(Task statement):
Could every line below be transcribed exactly, with the pictures dropped?

(Supplied information):
[Start of Attachment]

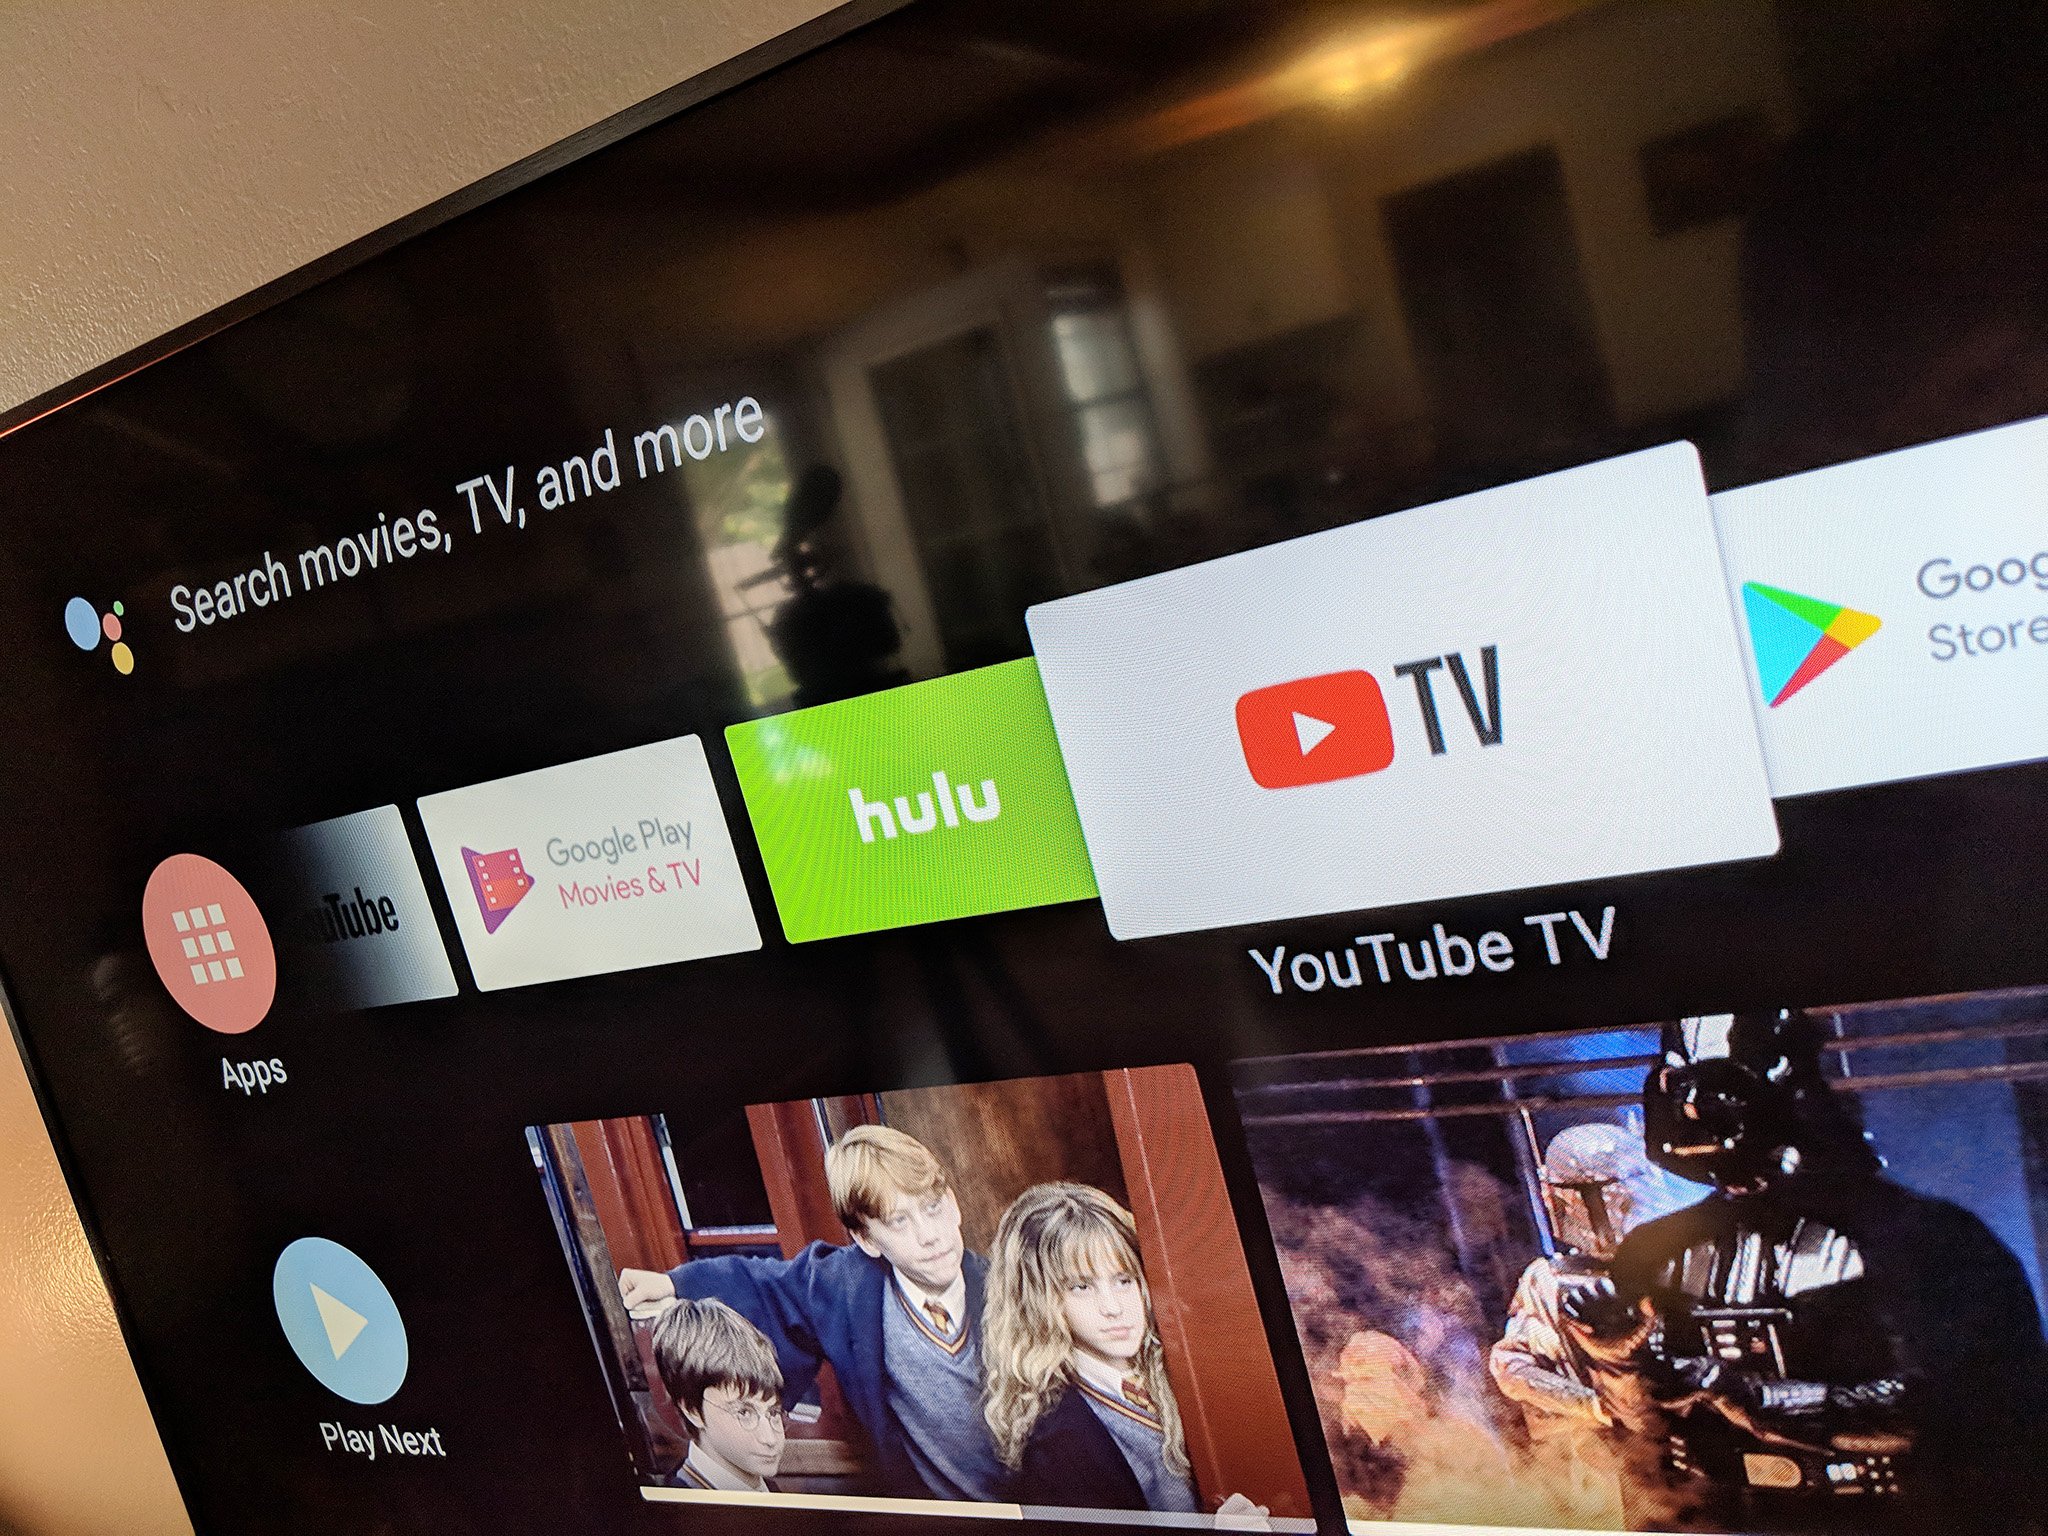 YouTube makes logging into smart TVs less of a headache
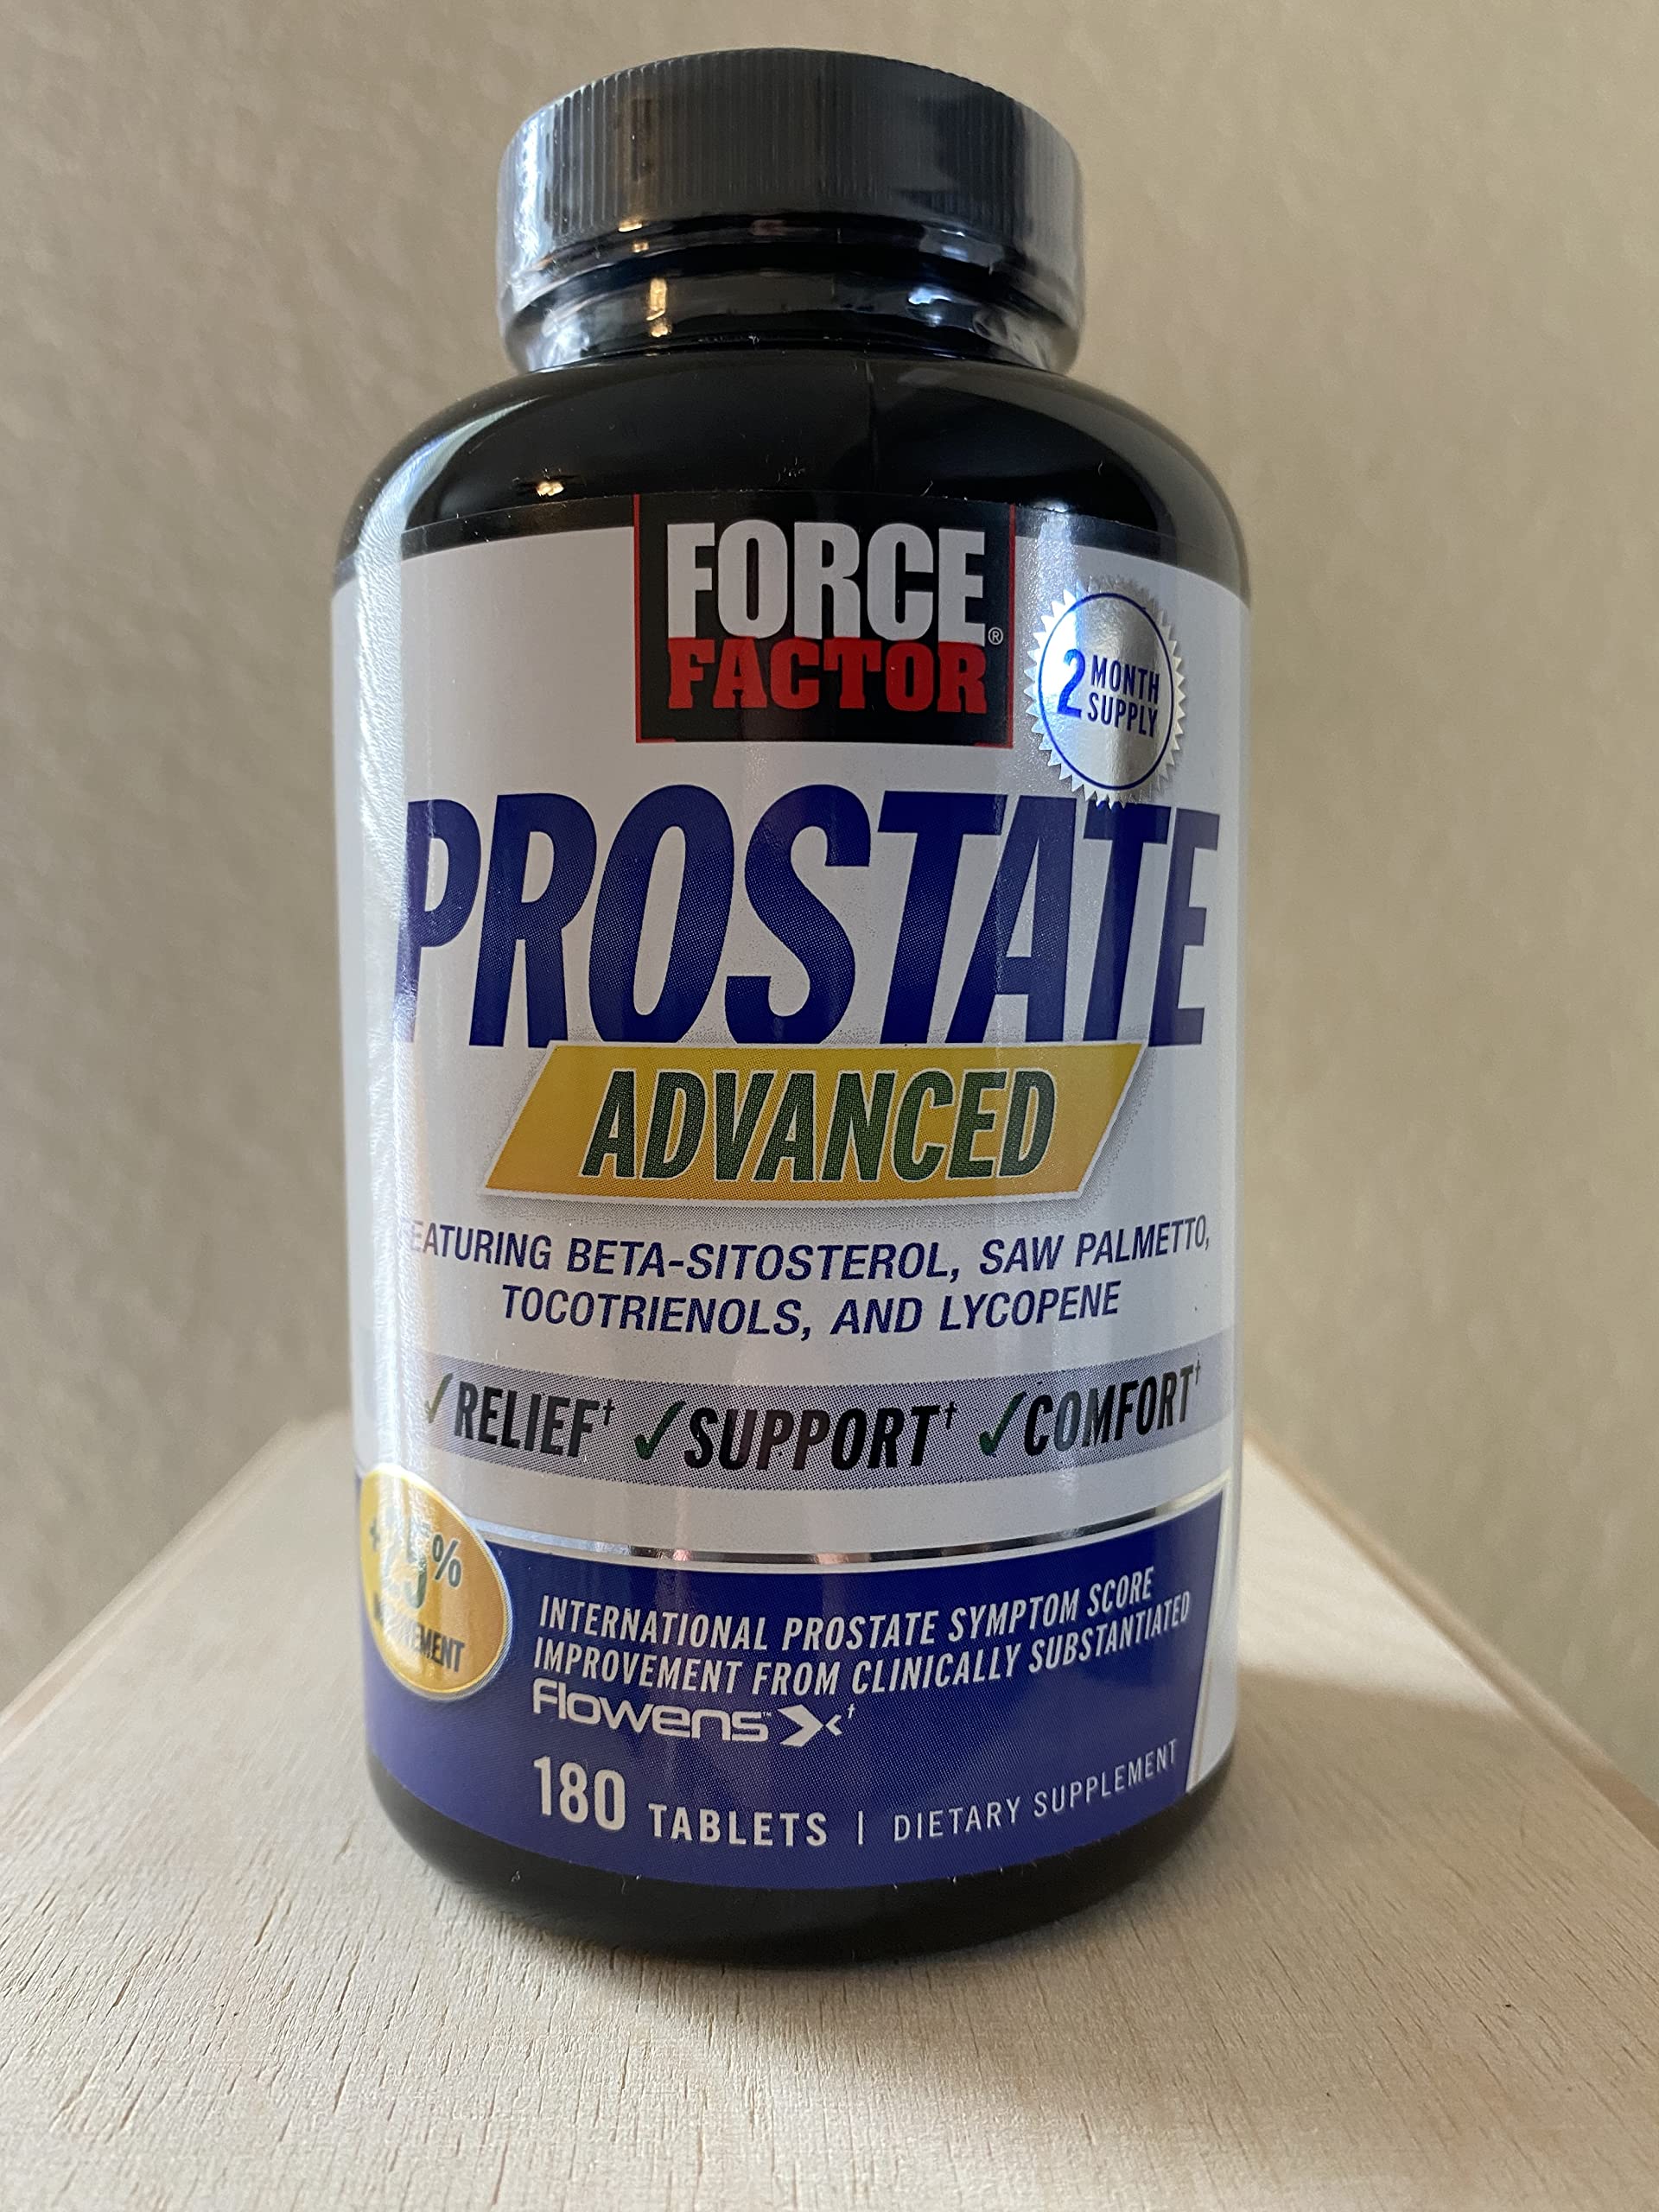 Force Factor Prostate Advanced, Health Supplement for Men for Reducing Nighttime Bathroom Trips, Bladder & Urinary Relief, with Saw Palmetto, Beta-Sitosterol, 180 Tablets (1-Pack)
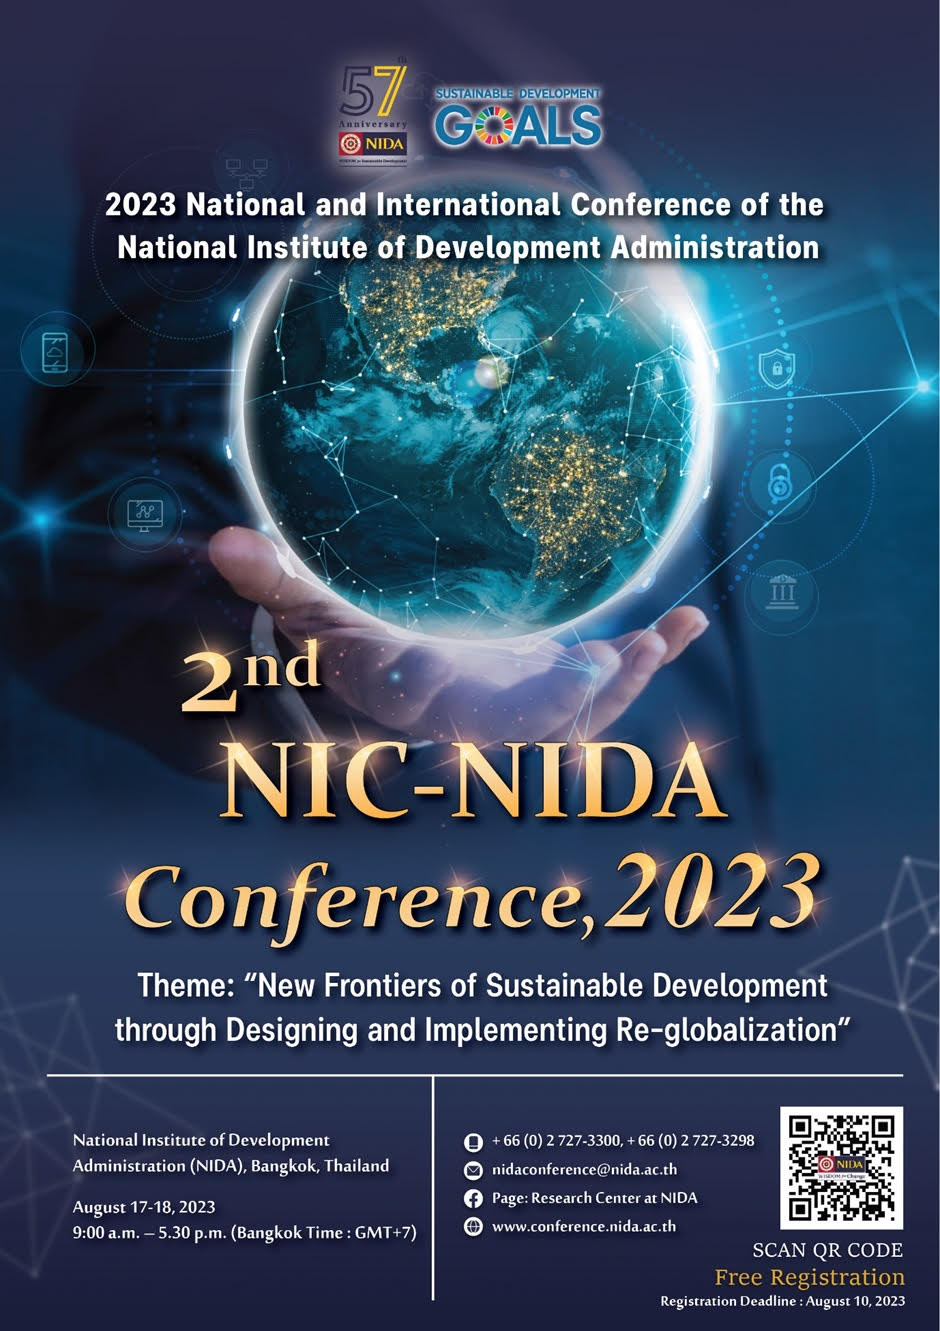 Call for Participations: The 2023 National and International Conference of The National Institute of Development Administration

[End of Attachment]

(Solution for this task):
 YouTube makes logging into smart TVs less of a headache
 Force Factor Prostate Advanced, Health Supplement for Men for Reducing Nighttime Bathroom Trips, Bladder & Urinary Relief, with Saw Palmetto, Beta-Sitosterol, 180 Tablets (1-Pack)
 Call for Participations: The 2023 National and International Conference of The National Institute of Development Administration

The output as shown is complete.